Бьюсь об заклад, что ему не позволили б тихо скончаться в постели, между картами и интрижкой, на иждивении у служанки, той, например, которая в простоте духа и бдительно надзирая финансы, не осмелилась употребить по хозяйству дорогие, чистые дести писчей бумаги, но сплавила, вослед овощной кожуре и рыбным чешуйкам, три исписанных, с кляксами, тетради его мемуаров. В сверхнасыщенном и перенаселенном XX столетии для его по-дворянски просторных эскапад места, скорее всего, не нашлось бы, и, сознавая чужеродность этой персоны изменившимся временам, век, особенно после того, как выдохся благоволивший к Джакомо декаданс, отнесся к бедному страннику немилосердно. Возобладала трактовка Федерико Феллини: Казанова — протагонист полой души, шарлатан мнимостей и фантомных позывов, фокусник, что не догадывается о Подлинном и вместо красочных лент и ушастой крольчатины тянет из цилиндра неостановимую апологию собственной пустоты. Сотни и тысячи не имеющих экзистенциального центра страниц, разводил руками Феллини, болтливое разлитие соков, чтоб утопить в этих подчас гневных, иногда элегических и насмешливых, но неизменно пустых нечистотах смертельно унизившее его прошлое. Работодатели требуют эротических шоу, а он, не ведая, к чему бы еще себя, кроме подложенных ему бациллоносных межножий, применить и приладить, уподобляется искусственной птичке с заржавленным ключиком крылышкующего подзавода. Рукотворное чудо природы — говорящий секс-механизм, постаревшее личико-маска (впору заплакать и притвориться сморщенной брошенной обезьянкой на веницейском, в испаряющихся отражениях, карнавале), морок и проекция неутолимо-чужого желания, — он похож на планету в орбитах бессменного унижения и, разумеется, сам в страданьях своих виноват, потому что лишен воли, врожденно отторгнут от чувства. В постоянных перемещеньях его разглядели судорогу, оцепенелость, конвульсии и сомнамбулизм. Мертвец с землею в глазницах встает из могилы и под чью-то злорадную дудочку колобродит, обольщает, грешит и тоскливо скребется о гравий, мечтая снова лечь в материнское чрево гроба; сцена из экспрессионистского фильма великой инфляции, дабы не накликать барабаном вуду нынешних, до отвращения замордованных кинозомби. Такова версия позднего XX века, не кажущаяся нам справедливой.
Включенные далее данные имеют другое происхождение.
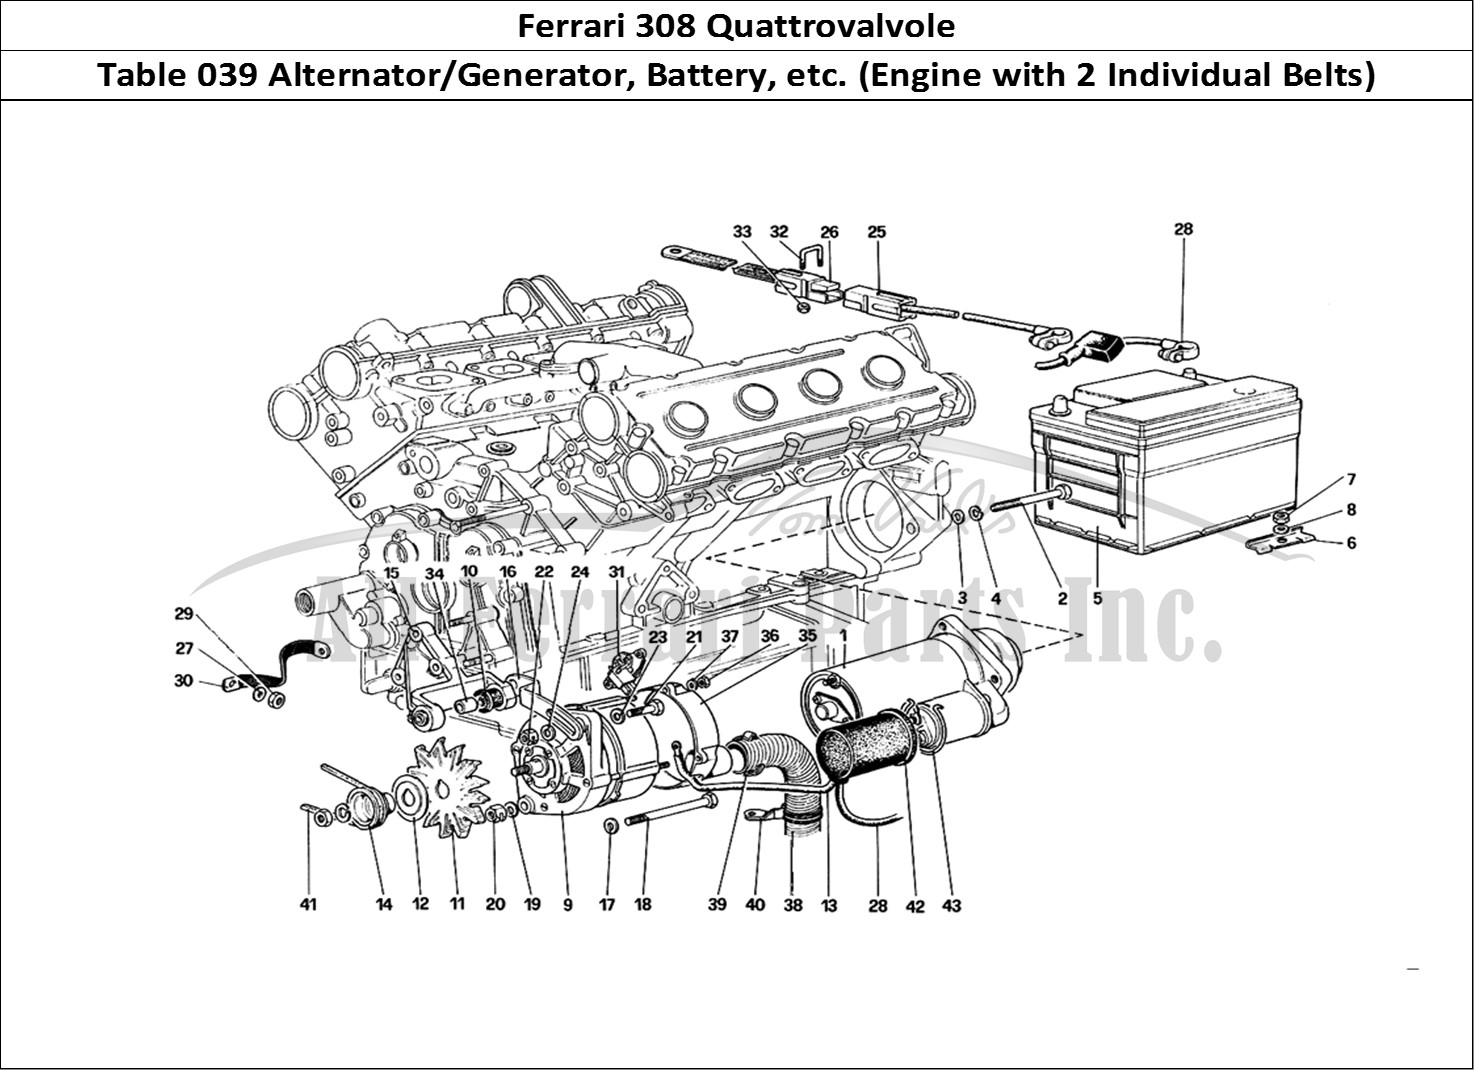 Ferrari Parts Ferrari 308 Quattrovalvole (1985) Page 039 Electric Generating Syste

Казанова — зеркальная сущность дореволюционной эпохи, и кто не дегустировал приключений при старом режиме, не способен проникнуться сладостью жизни, нашептывал Талейран. «Грязь в шелковых чулках!» орал, багровея от ярости, на своего демона дипломатии Наполеон Бонапарт, а тот, пятясь на подагрических негибких ногах, пропускал мимо глотки поток оскорблений, ибо глубоко спрятанным историческим зрением провидел и сокрушение повелителя, и свою роль спасителя Франции (Венский конгресс, вершина его кротоподобного тайнодействия, его кулуарного жанра) и собственную лукавую смерть, о коей услышав, один афорист-остроумец интересно спросил: «Вот бы узнать, зачем ему это понадобилось?»